Katic: Ubyssey Column on UBC’s Oil and Gas Investments
I wrote a column for Monday’s Ubyssey about UBC’s oil and gas investments. Stay tuned to this series for longer profiles of these companies.
If you had to think of a place that represents UBC’s commitment to sustainability, you might think of the Centre for Interactive Research on Sustainability (CIRS), lauded as “the greenest building in North America.” You probably wouldn’t think of the Guinness Tower, in the heart of Vancouver’s financial district. Unlike CIRS, it has no sophisticated energy monitors, innovative rainwater collection systems, or “living walls.” Rather, this tower features an opulent business centre (with the look of a “European boutique hotel”), a banal sushi restaurant (“fresh ingredients, global inspiration”) and dozens of nondescript corporate offices.
One of those offices houses IMANT, or UBC Investment Management Trust Inc., a wholly owned corporate subsidiary of UBC. IMANT is responsible for managing UBC’s enormous investment portfolio, including the staff pension plan and the endowment fund. It is in this office that UBC made a Faustian bargain with the oil and gas industry, investing $4.6 million of our endowment into four large companies: Talisman Energy, Ensign Energy Services, Baytex Energy and the Encana Corporation.
Baytex Energy (UBC’s investment: $1,127,731) operates primarily in the Peace River Oil Sands and around the border between Alberta and Saskatchewan. Ensign Energy (UBC’s investment: $1,332,492) is Canada’s second-largest drilling contractor, with over 300 rigs, mostly in the oil sands and around southern Saskatchewan.
Talisman Energy (UBC’s investment: $1,043,566) specializes in shale gas extraction through the controversial drilling practice known as hydraulic fracturing, or fracking. The Encana Corporation (UBC’s investment: $1,108,242), which also practices fracking — the documentary film Gasland alleges Encana contaminated drinking water in Colorado— is one of North America’s largest natural gas producers. In the coming weeks, I will be writing longer profiles of these four companies on The Terry Project’s blog.

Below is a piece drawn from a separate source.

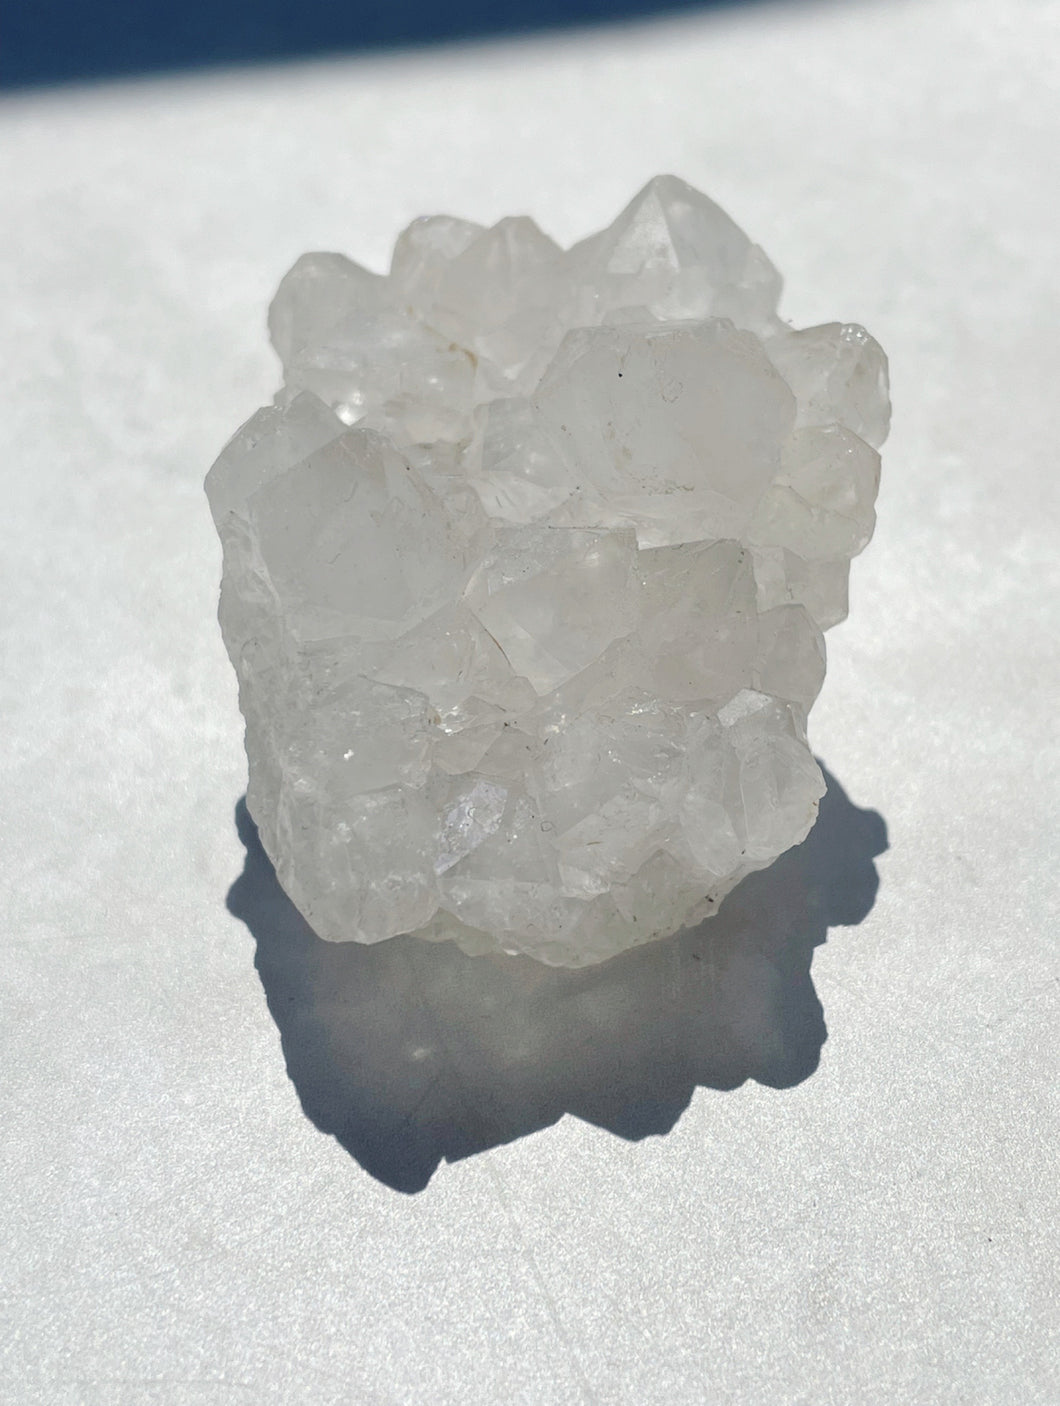 Anandalite Cluster

These are relatively minor segments of a diverse $938 million endowment portfolio, and even smaller segments of the enormous market capitalization of these firms. Nevertheless, this $4.6 million threatens the integrity of UBC and its students. To preach environmental sustainability while at the same time investing in one of the most environmentally destructive industries on the planet is blatant hypocrisy, contrary to all the lofty principles set out in UBC’s key strategic documents.
After months of record-setting temperatures, unprecedented Arctic melting and overwhelming ocean acidification, it is becoming clear that climate change is intensifying far faster than scientists have expected. Bottle-saving water fountains are great, but they are not nearly enough; it is now the time for drastic action. UBC should divest itself completely from the oil and gas sector, and it should then write ethical and environmental investment policy into IMANT’s Statement of Investment Policies and Procedures.

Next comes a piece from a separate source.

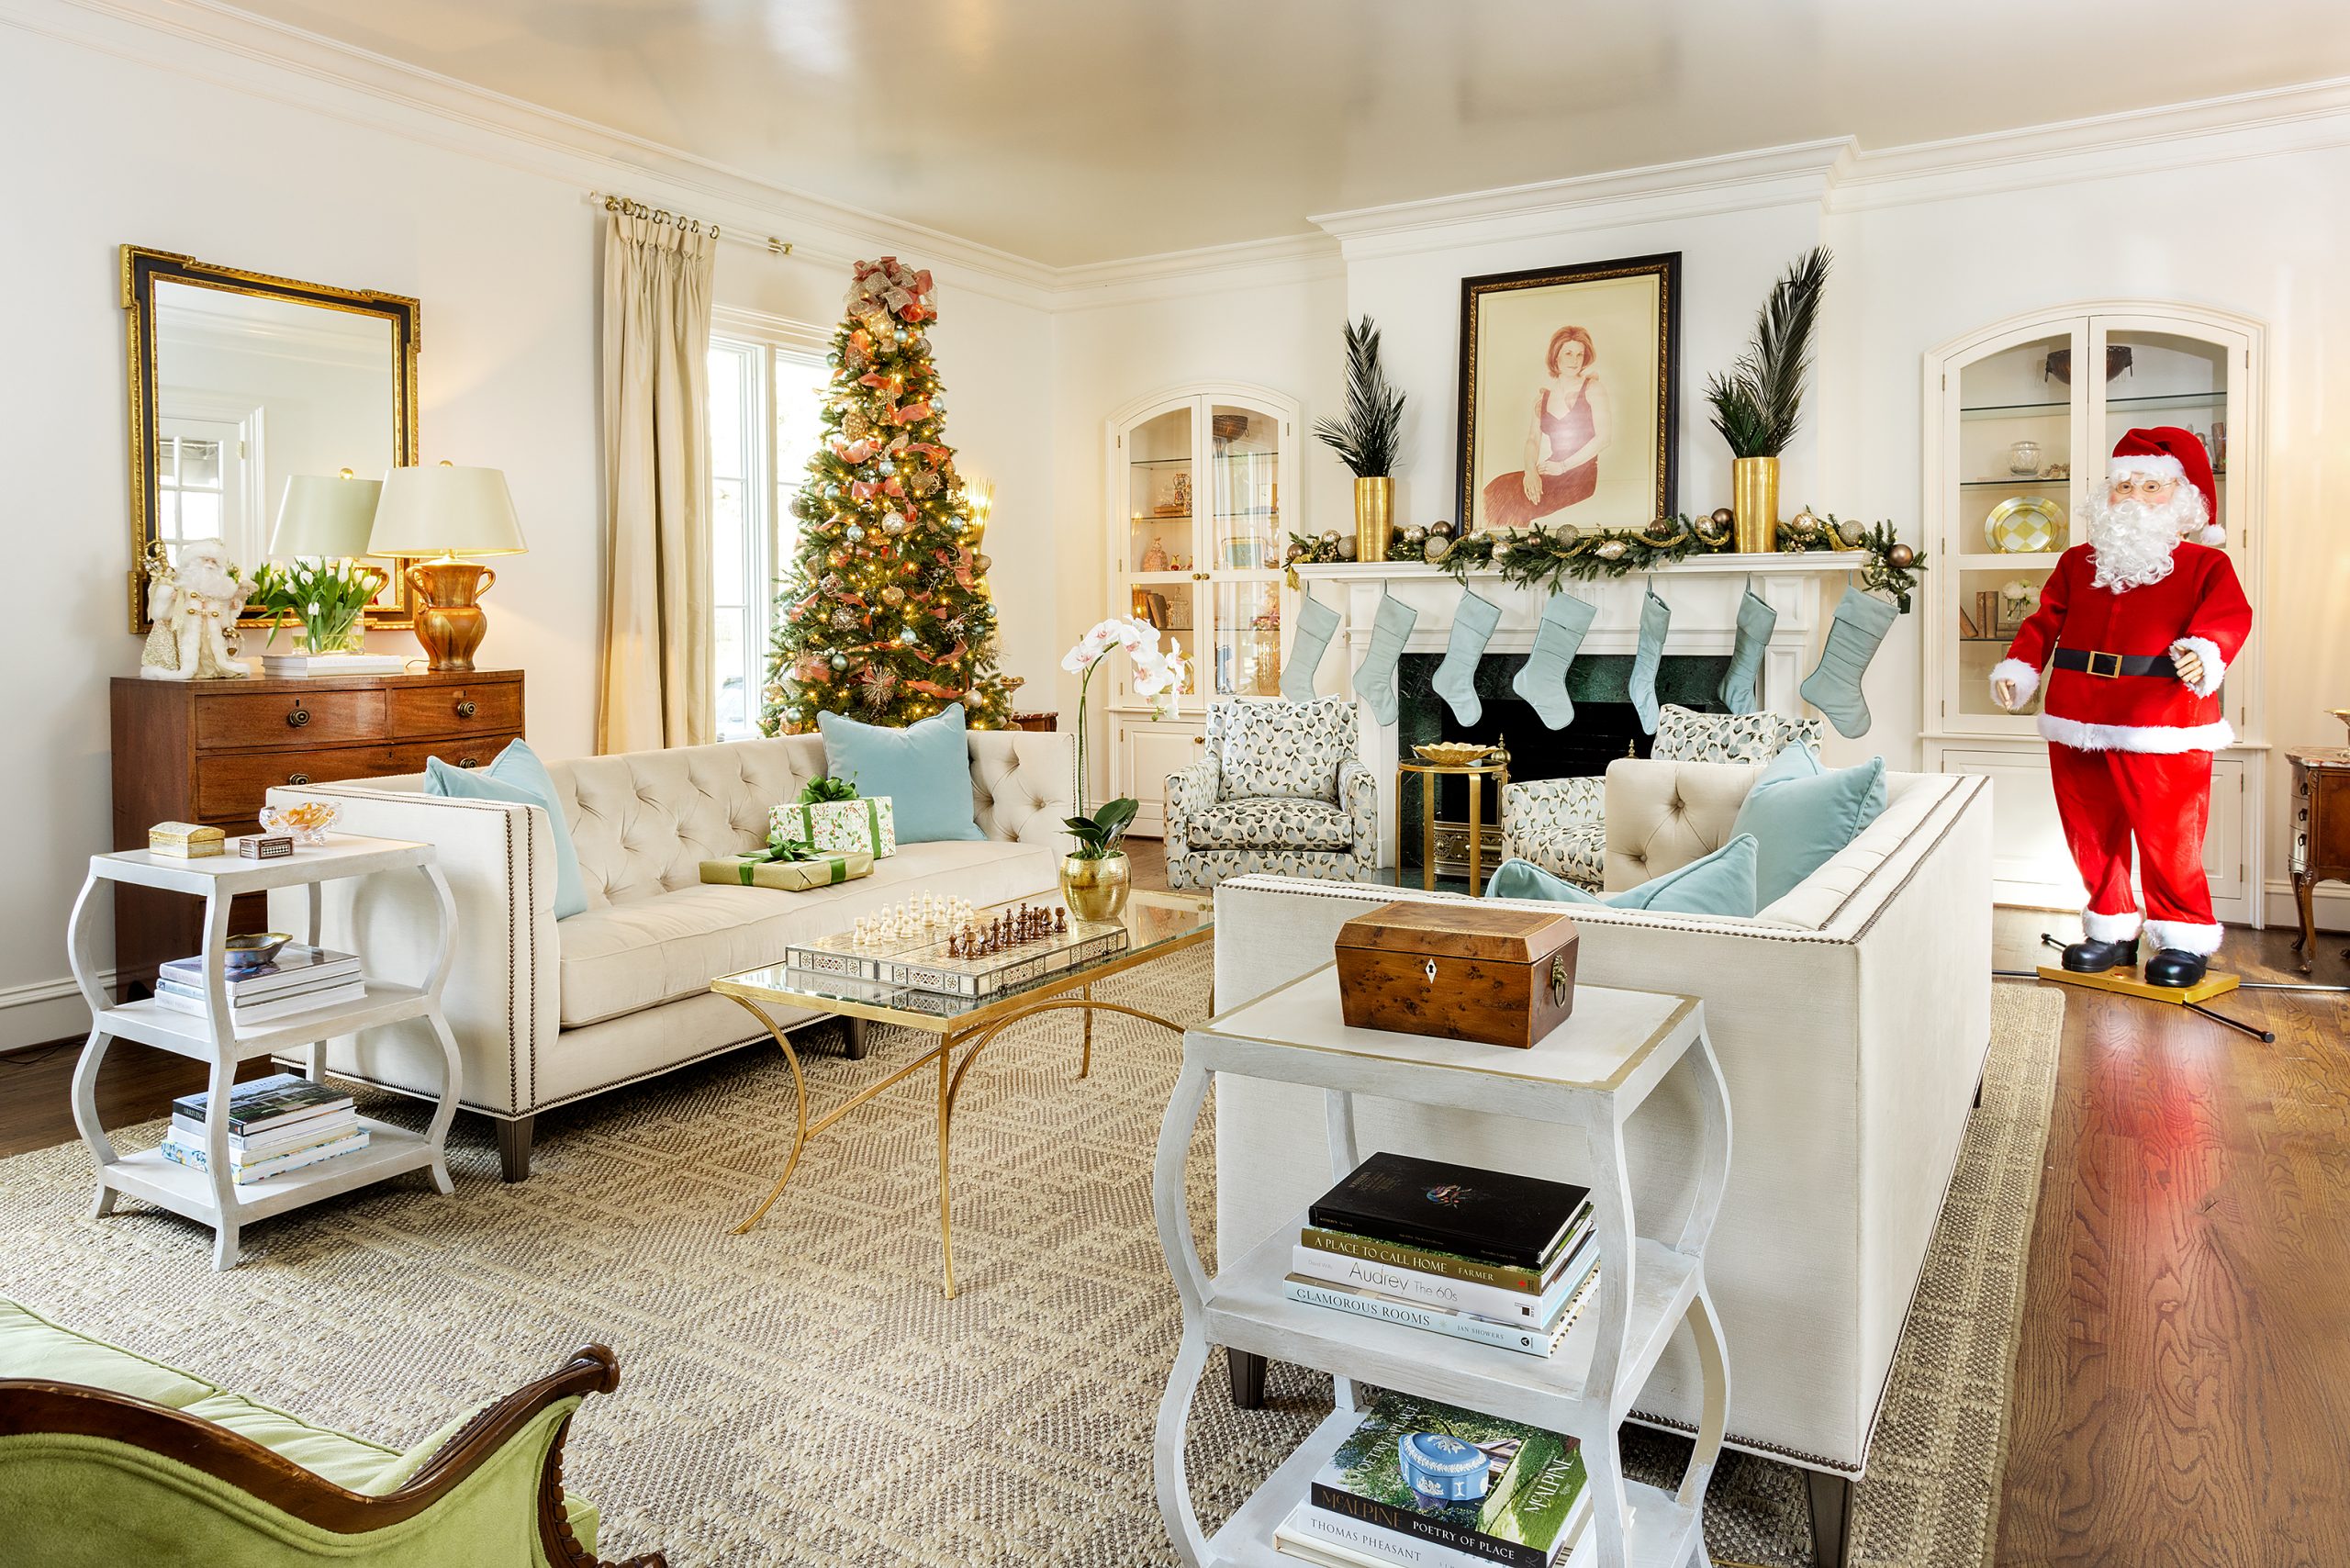 Though Elyse was able to incorporate most of the furniture from their Gregg Park home, the cool neutrals that she and Rossi selected gave them the opportunity to rethink the home’s holiday decor. The Christmas tree is surrounded by a pale blue skirt and stockings that mirror the accent fabrics used throughout. During the holidays, a surprisingly realistic, full-sized Santa Claus supervises the awed grandbabies!

Divestment campaigns lead by universities and other large institutional investors were instrumental in toppling the South African apartheid regime, and they could be as effective here. With UBC’s firm commitment to sustainability, it makes sense for us to play a leading role and be the first university to divest. It would send a strong message to the world that institutions of higher learning will not be complicit in the destruction of the planet. What good is it to mold future leaders if our investments ensure that there will be no future to lead?